Operation Viersen fake supply depot near Anrath, Germany (Credit: Ghost Army Legacy Project)
The Ghost Army’s final mission (Operation Viersen) proved to be one of the largest and most dramatic of their wartime operations. In March 1945, as the Ninth U.S. Army (30th and 79th Divisions) prepared to cross the Rhine near Wesel, the Ghost Army needed to convince the Germans that this crossing would take place 15 kilometers to the south between Duisburg and Düsseldorf.
By far the most intricate decoy yet, the Ghost Army deployed hundreds of inflatables and real vehicles around the towns of Anrath and Dulken. They transformed forests into decoy vehicle staging areas with fake repair depots. They constructed several landing strips complete with fake L-5 planes.

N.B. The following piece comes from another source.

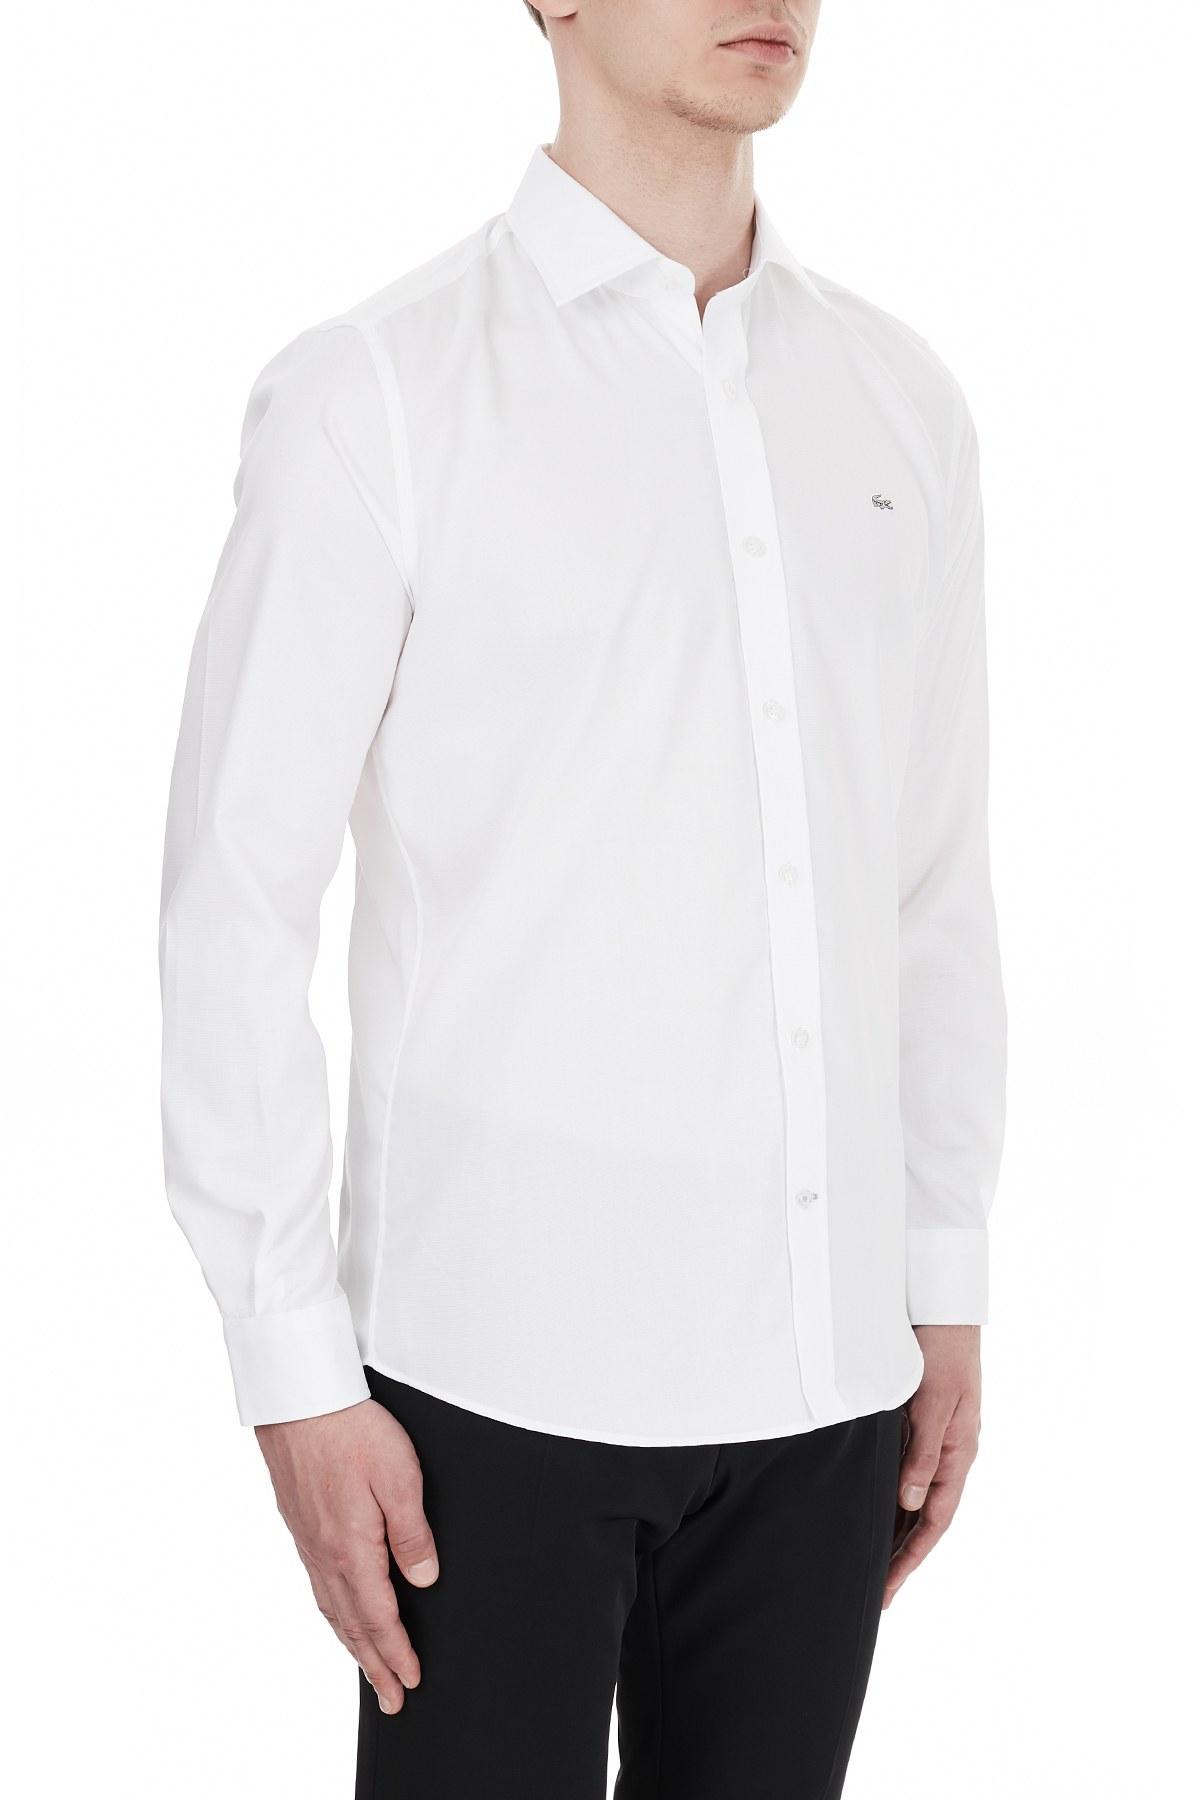 Lacoste Slim Fit Düz Yaka % 100 Pamuk Erkek Gömlek CH6122 800 BEYAZ

As the Ninth U.S. Army moved into positions further north, they ceased radio operations as the Signal Company Special took over the broadcast to trick any listening Germans. The assembled sonic trucks played the recordings of soldiers moving equipment and assembling the pontoon bridges for the Rhine crossing.
The Ninth U.S.Army finally made their crucial crossing of the Rhine on March 24, 1945 where they encountered a disorganized German defensive and experienced very few casualties proving the Ghost Army’s decoy mission a success.
Following the war, many of the Ghost Army went on to become successful artists, notably minimalist painter Ellsworth Kelly and fashion designer Bill Blass. The successes of the Ghost Army remained secret for many years during the Cold War for fear that the Americans would need such techniques in a future conflict. It was not until 1996 that the U.S. government declassified the Ghost Army’s history and the ingenuity of these 1100 men became known to the world.
In 2018, the first historical marker dedicated to the Ghost Army was erected outside the commune of Bettembourg in Luxembourg, commemorating Operation Bettembourg.